“Semangat buat konsernya, Mbak.”
Sepiring nasi goreng ayam kampung mengalihkan atensi Alya dari ponsel. Mila, yang bertugas masak hari ini, mengacungkan jempol padanya. Pasti efek terlalu sering latihan bahasa Korea bersama Alaric.
“Makasih. Kamu juga makan dulu.” Ini adalah pekan kedua mereka menempati co-living space yang lokasinya dekat sekolah Mila. Walau tak seluas rumah keluarga, atmosfernya yang hangat membuat ketiganya langsung betah.
“Wuih, pantes wangi banget.” Alaric yang baru berganti pakaian bergabung bersama Alya dan Mila. “Ah iya, hari ini Mbak ada tugas negara. Ke bandara pukul berapa?”
Diceknya jam di ponsel. “Setengah jam lagi. Boris bakal jemput ke sini.”

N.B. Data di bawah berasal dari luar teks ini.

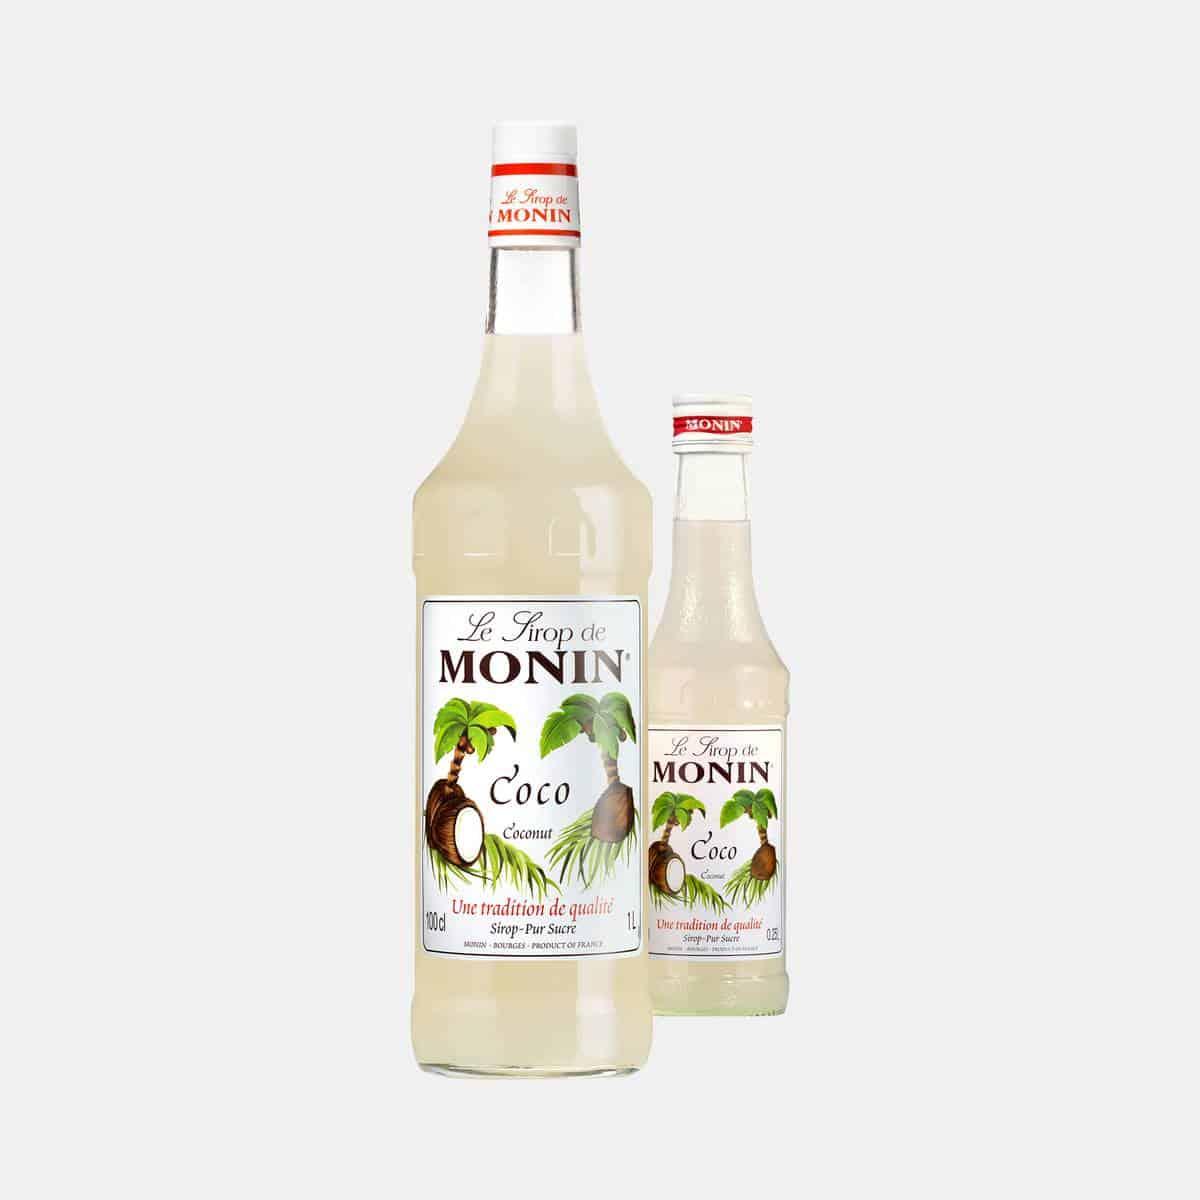 Monin Coconut Syrup Glass Bottles

“Baru aja mau aku tawarin ojek,” celetuk sang adik. “By the way, kemarin sore aku iseng lewat rumah kita. Udah dipasang banner sama pihak bank.”
Alya melambatkan kunyahannya. Berat meninggalkan rumah itu meski dia hanya tinggal beberapa tahun. Kresna ingin anak-anaknya yang menempati. Sayangnya Nandar….
“… terus pas beli gorengan,” rupanya Alaric masih bercerita, “aku ketemu bapak-bapak yang pegang bengkel Om Nandar sekarang. Dia cerita, Om Nandar pernah mampir buat minta kerjaan. Diterima tuh, tapi pas hari kedua dia ketahuan mau ambil uang.”
Dari ekor mata, Alya menangkap ekspresi wajah Mila yang seketika masam.
“Keputusan kita pindah mungkin bakal mempersulit dia melacak Mila,” ujar Alya. “Kita harus lebih hati-hati juga. Sebelum Mila terbang ke Korea, jangan sampai dia menemukan tempat tinggal baru kita.”
Alaric pergi terlebih dulu, meninggalkan Alya dan Mila yang mencuci peralatan makan. Deringan ponsel menghentikan Alya dari aktivitasnya. Boris ternyata sedang menunggu di area parkir.
“Mila, aku harus pergi sekarang.” Alya menyambar tas dan blazer di kamar. “Sebelum pergi, kunci semua pintu dan jendela.”
“Iya,” sahut Mila. Kemudian, tanpa diduga, dia memeluknya. “Mbak juga hati-hati.”
Sejenak, Alya termenung di tempat. Sejak menemukan topeng beruangnya, tak ada perubahan signifikan dari Mila. Memang saat perempuan itu mengakui dirinya sebagai Nona Ungnyeo, sang keponakan dibuat terkagum-kagumkarena tak percaya ikon legendaris bagi Starry Flowers adalah saudaranya.
“Kenapa? Tumben begini.” Meski begitu, Alya mengelus lembut pundak Mila.
“Soalnya bulan depan saya yang pergi ke Seoul,” jawabnya setengah terisak. “Padahal saya betah tinggal sama kalian. Saya menganggap kalian seperti kakak-kakak yang selalu saya dambakan.”
Alya membiarkan Mila memeluknya lebih lama. Semoga saja, setelah semua masalah selesai, mereka bisa berkumpul lagi sebagai keluarga.